Пинок, и я падаю на четвереньки перед его лошадью. У меня нет сил, чтобы встать или хотя бы взглянуть на него. Я слышу хруст твердой земли под ногами — значит, он спешился.

— Отойдите все, — говорит он.

— Но, Босс… — возражает Диас.

— Я сказал: назад!

Тот повинуется.

Мгновение спустя ствол пистолета приподнимает мне подбородок, и вот я гляжу прямо в глаза Лютеру Роузу. Они зелено-голубые, словно небо, отраженное в воде, и холодные как лед.

— Сядь, Мерфи, — велит он.

Меня мутит, голова кружится. Правый глаз так заплыл, что ничего не видит.

— Пей, — он протягивает мне флягу. Половина воды проливается на рубаху, наверно, мои губы тоже все разбиты и распухли.

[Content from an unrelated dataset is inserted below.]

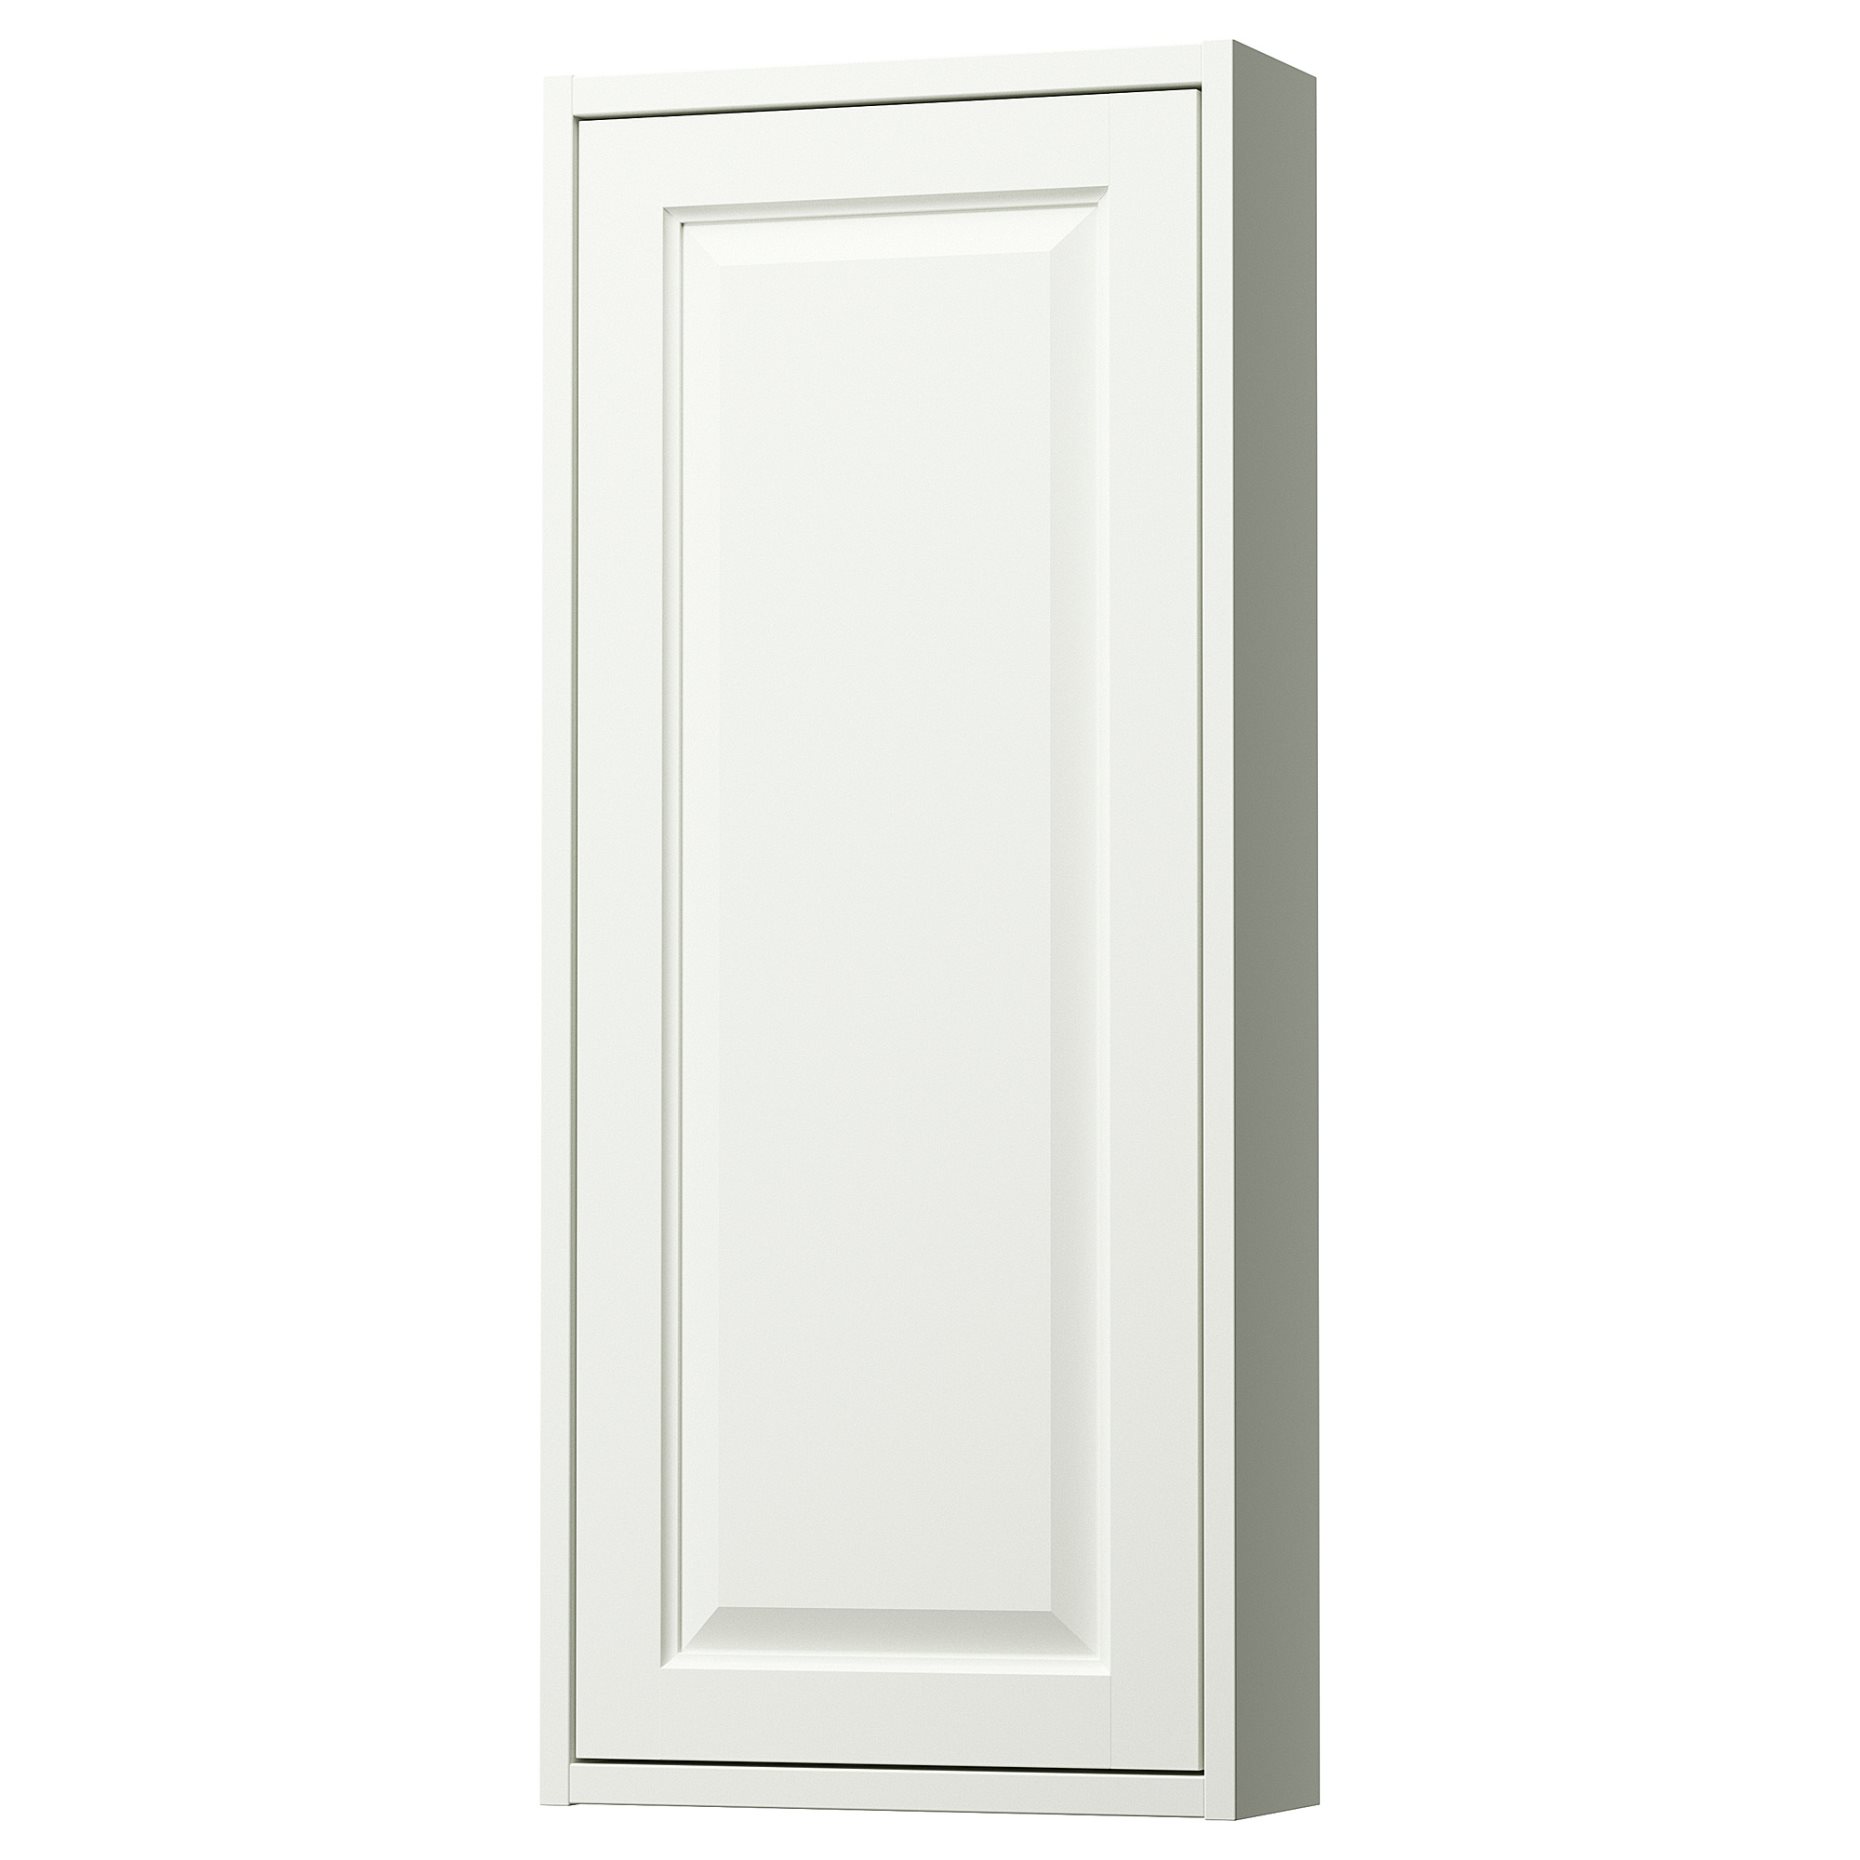 TANNFORSEN, ντουλάπι τοίχου με πόρτα, 40x15x95 cm, 505.351.08

— Извини за прием, но как-то нелегко поверить, что ты нас искал. Скорее похоже на то, что ты удирал от нас — сначала из Викенберга, потом из Прескотта, теперь отсюда, где эта девица Вон раскроила башку какому-то бедолаге.

— Нет, у меня был план. Ведь я нашел его, Босс, того ковбоя, за которым ты охотишься, того самого, что дал мне монету твоего брата. Я нашел его.

Он заинтересованно поднимает бровь.

— Мне пришлось бежать из Викенберга — меня окружили, я был без оружия, но потом напал на след того ковбоя и шел по нему до Прескотта. Я решил, что сначала найду его, потом тебя. Но его не оказалось дома, а его жена оказалась проворнее меня, она вырубила меня и связала в амбаре. Думаю, хотела получить деньги за мою голову, но тут появились ребята, и…

— И ты решил прикончить Джонса и Хоббса, — рычит Босс.

— Нет, это…

— Не пытайся меня обмануть, Мерфи! Диас сказал, это сделал ты!

— Диас ничего не знает, — отмахиваюсь я. — Их прикончила та женщина. Я слышал шум, а когда мне удалось освободиться и попасть в дом, Джонс и Хоббс были уже мертвы. Диас объявился через минуту, та женщина выстрелила в него быстрее, чем я мог слово сказать. Он умчался, думая, что я вас предал. А я постарался заслужить доверие женщины и ее мужа. Они не имеют ни малейшего представления о моих истинных намерениях.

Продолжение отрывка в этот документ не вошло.